Demand for oil and gas reserves has increased over the past several decades due to steady population growth and the industrialization of new markets. At the same time, conventional fields are maturing and experiencing a decrease in oil and gas production as reservoir pressures drop and/or water production increases. These economic factors, which effect the oil and gas industry, have led to recent developments and advances in exploration, drilling, and production technologies as companies try to either increase production from mature fields or bring new opportunities on-line. One technology area that has seen increased interest from oil and gas producers and vendors alike is subsea processing.
Subsea processing is not a new concept in the oil and gas industry; however, recent economic factors have led to far more applications ranging from simple single-phase or multiphase boosting and subsea separation and boosting to future gas compression projects. Vendors are trying to establish technologies that can meet the unique challenges of subsea processing, and producers are trying to stay ahead of the competition by developing, qualifying, and applying these new technologies.
Subsea processing may include subsea separation, which can be segregated into two-phase, gas-liquid separation and three-phase, gas-oil-water separation. Overall, subsea two-phase separation presents the following benefits: reduced back-pressure acting on the well leading to higher production rates (accelerated revenue) and recoverable reserves (total revenue): the ability to overcome long step-out distances between field and host facility (fewer boosting stations required to reach host facility); reduced topsides infrastructure; the ability to absorb transient flow conditions such that gas-liquid slugs do not affect performance of downstream equipment (e.g., pumps and/or wet-gas compressor): lower energy requirements than multiphase boosting of full well-stream (higher efficiency of rotating equipment); and mitigation of certain flow assurance issues through bulk separation of gas and produced water phases (assuming two lines are installed back to host facility). Subsea three-phase, gas-oil-water separation may yield the following benefits related to the bulk removal of the produced water phase: the ability to debottleneck existing topsides water handling/treatment facilities; the ability to inject produced water into dedicated disposal well or back into the reservoir for pressure maintenance (lower energy requirements than platform- and/or land-based water injection); the ability to use smaller production lines back to host facility due to removal of non-revenue stream (e.g., produced water): and mitigation of certain flow assurance issues through bulk separation of oil and produced water streams. These benefits may make it desirable to develop a multiphase separation system to establish a technological advantage and earn partner or choice status for future subsea separation applications. An advancement of this nature may enable production of Arctic, deepwater, or other remote oil and gas fields for which production is not currently possible. Subsea separation may act as an enabler in these cases by, for example, removing bulk water from the production streams and mitigating flow assurance concerns for longer distance tieback applications.
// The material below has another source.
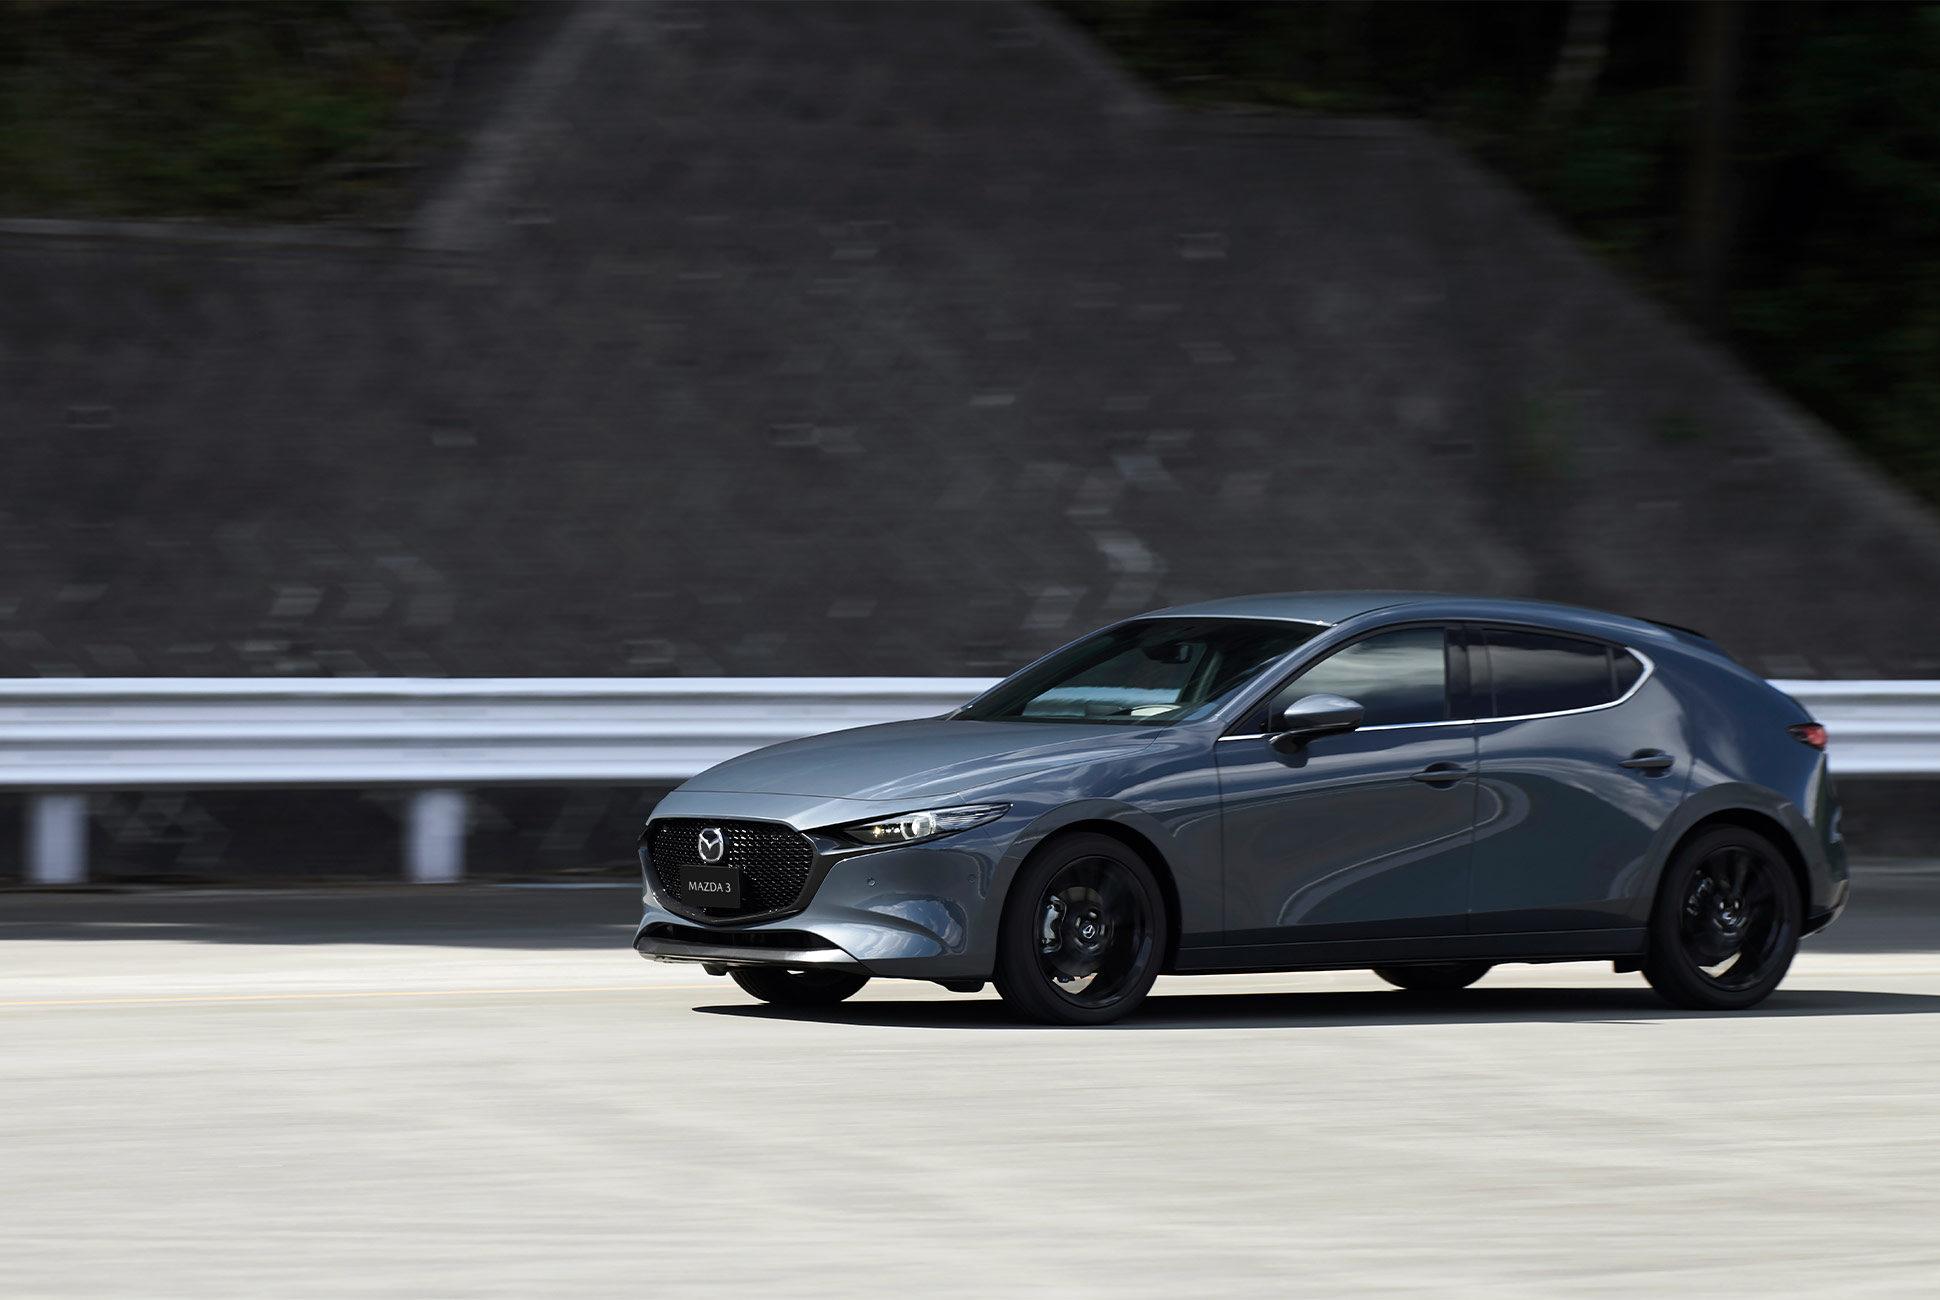 2018 - [Mazda] 3 IV - Page 11 Next-g10

One challenge with subsea three-phase separation is the formation of stable oil/water emulsion layers. Testing has shown that stable oil/water emulsion layers can significantly affect the quality of the oil and water outlets from the subsea separator. If separation of heavy oil (known to form stable emulsions) is desired, then oil/water separation may require longer residence times and lower fluid velocities. However, this approach may not be economic for offshore and subsea applications due to size, weight, and fabrication constraints. Designing a deepwater, oil-water separator with oil residence times of greater than about 3-5 minutes can be challenging. Analogous onshore separators may require about 10-15 minutes residence time. Therefore, decreasing the throughput of the subsea separation system may be required for heavy oil applications, which may bottleneck the oil/water separation process. Similarly, opportunities also exist on onshore and topsides separators that suffer from the formation of stable oil/water emulsions. In conventional applications, production chemicals such as demulsifiers and/or heat may be applied to alter the interfacial tension and destabilize the oil/water emulsion. In subsea applications, heat may not be a cost effective option or, in some cases, may even be technically infeasible. Consequently, dosing with production chemicals is customarily preferred. However, dosing can have a significant effect on the capital and operating costs associated with a subsea installation.
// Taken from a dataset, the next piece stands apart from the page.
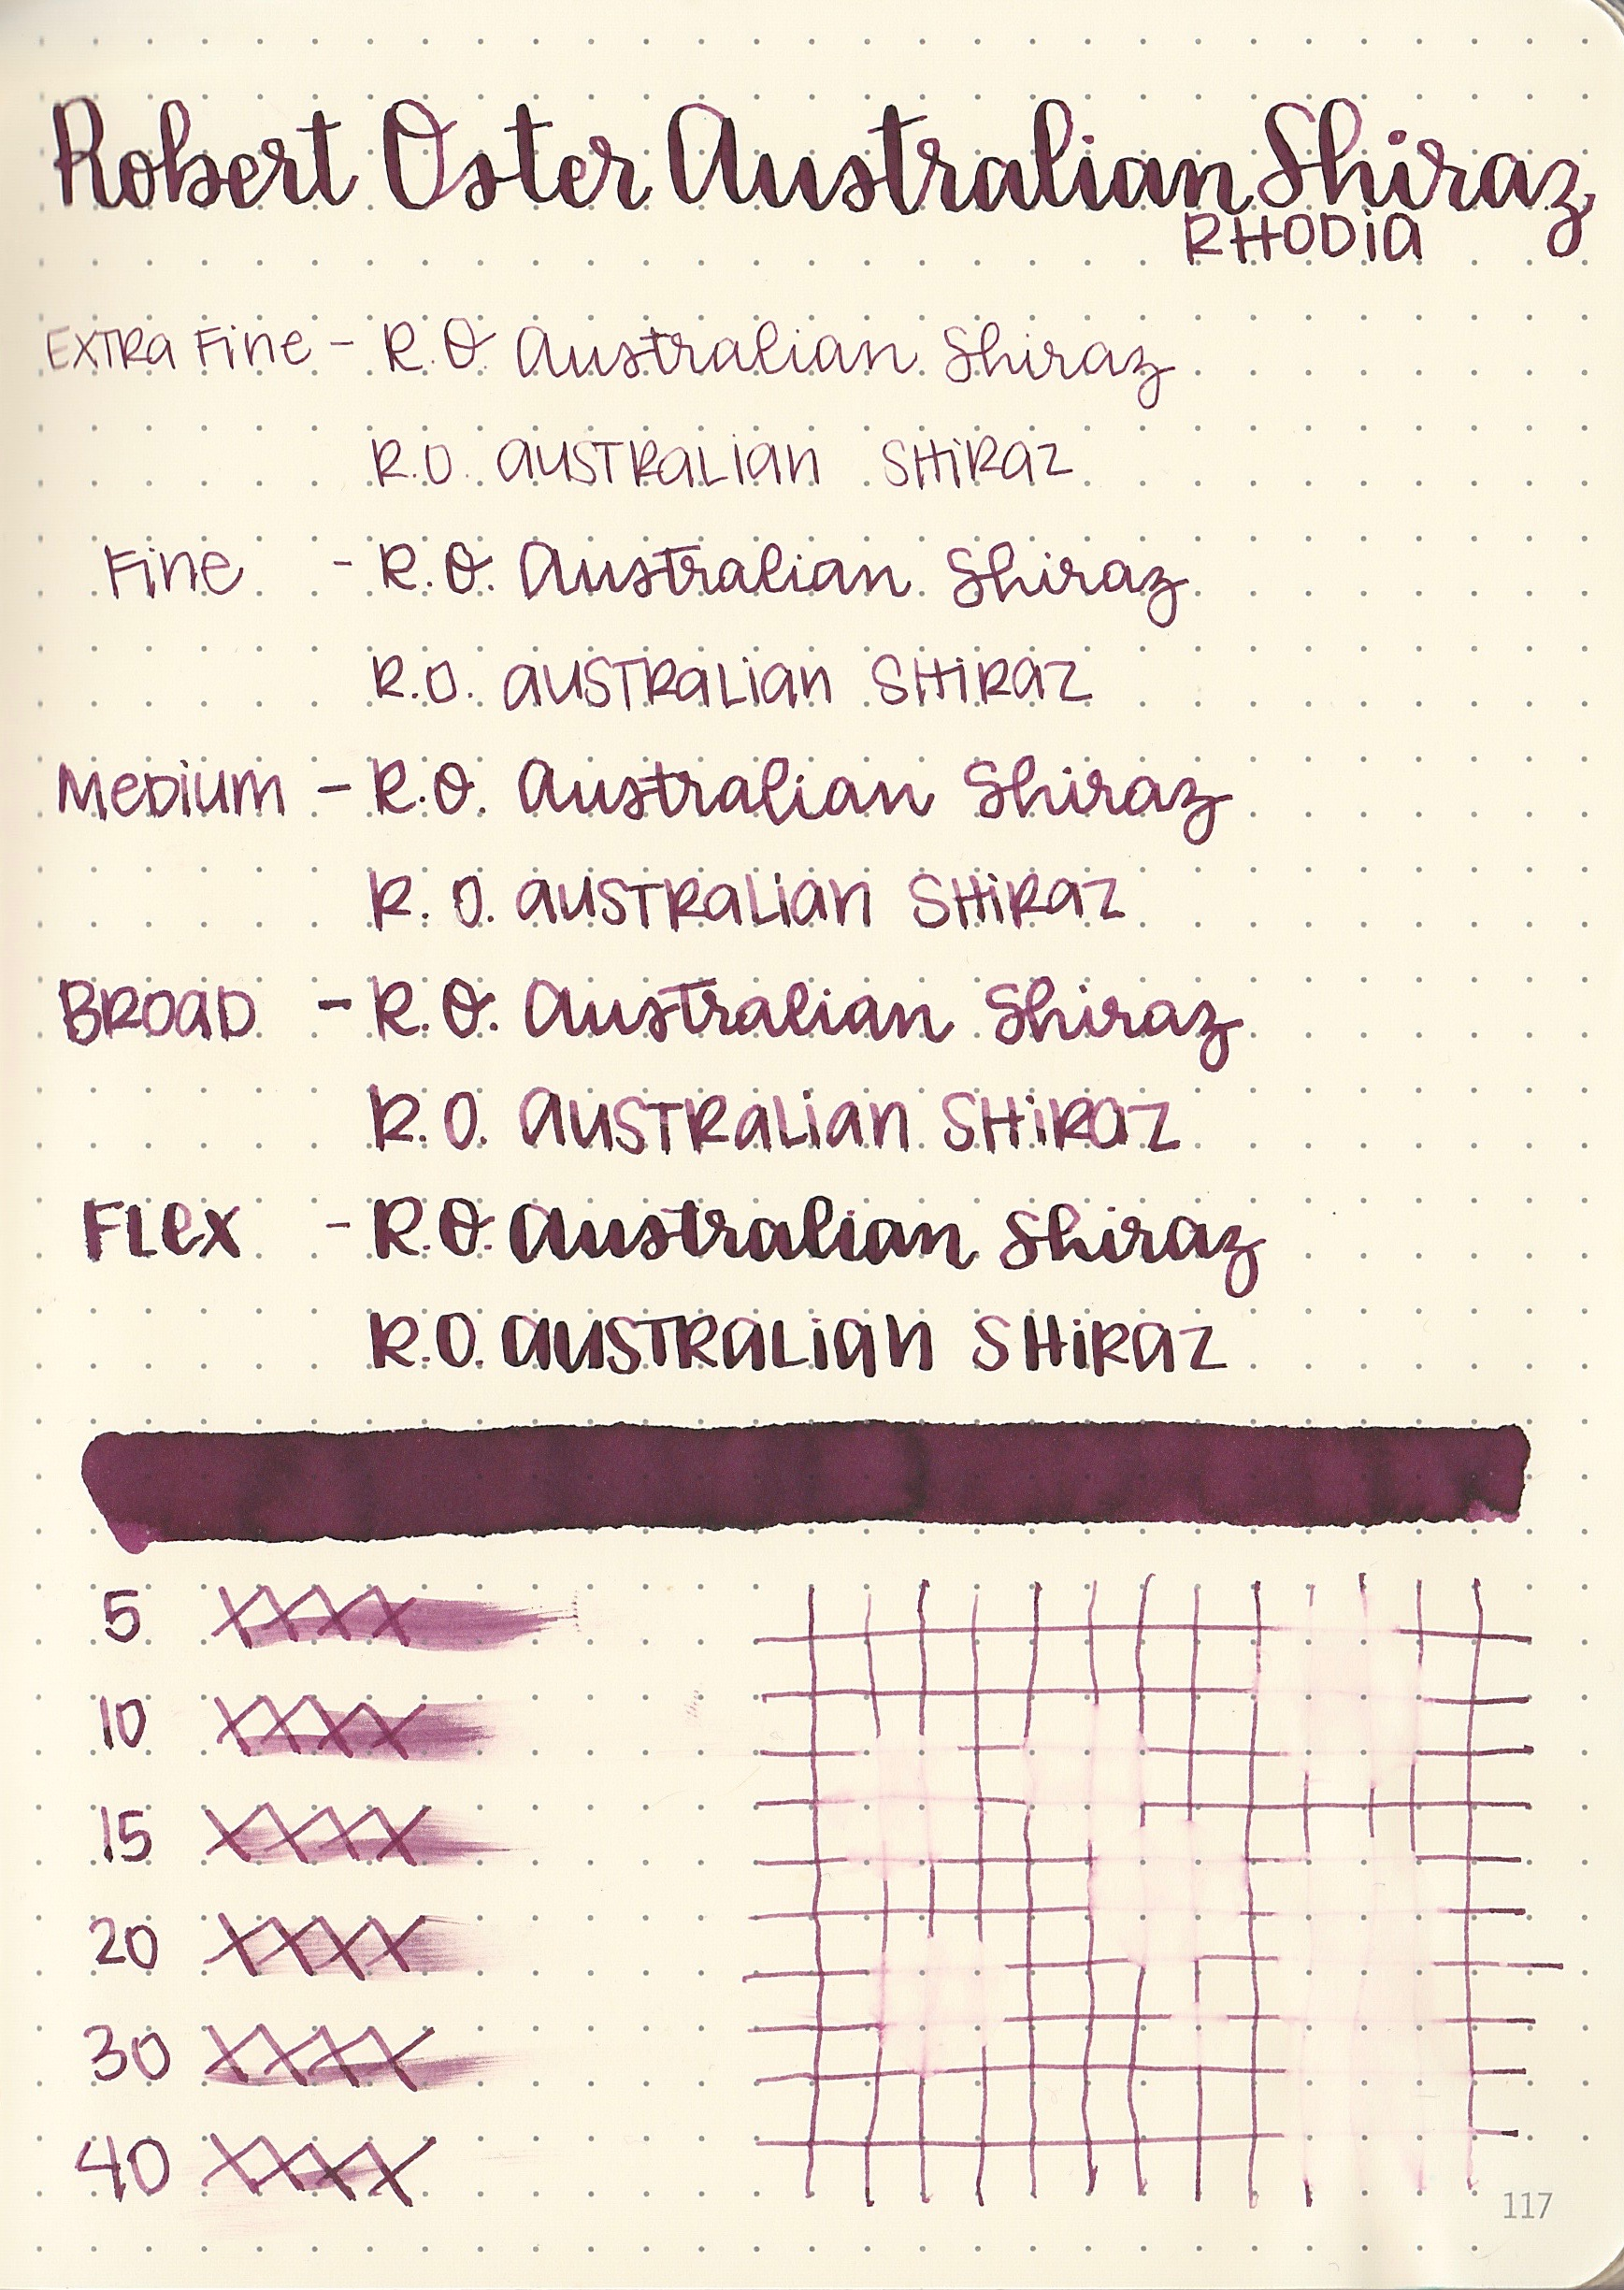 ROAustralianShiraz - 2.jpg

The cost of developing and applying a subsea separation system may be significant and may become uneconomical if the system cannot provide sufficient production increases to offset the cost. Consequently, the design of subsea processing systems may include a balance between what is practically achievable under the vessel size constraints due to pressure and what production rate is required to make the project economical. Any technological advance aimed at enhancing the overall performance of the oil-water separation, which is often the bottleneck of such a system, could become the deciding economic factor of a future project. For this reason, extraction and processing of the stable oil/water emulsion layer from a subsea separator may prove beneficial.
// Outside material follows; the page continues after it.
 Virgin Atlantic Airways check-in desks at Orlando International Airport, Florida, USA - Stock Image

Injectability of the produced water stream may also affect the successful operation, and therefore economics, of subsea separation installations that employ oil-water separation. Therefore, the removal of oil contamination, which can have a significant effect on injectability of the water stream, may be important. It may be advisable to provide monitoring and/or frequent sampling of the produced water quality in order to avoid future issues with the injection reservoir. These aspects may be particularly important when injecting back into the production reservoir for pressure maintenance as plugging and/or permeability issues in the perforated zone could lead to an inability to inject the produced water and/or result in other production issues.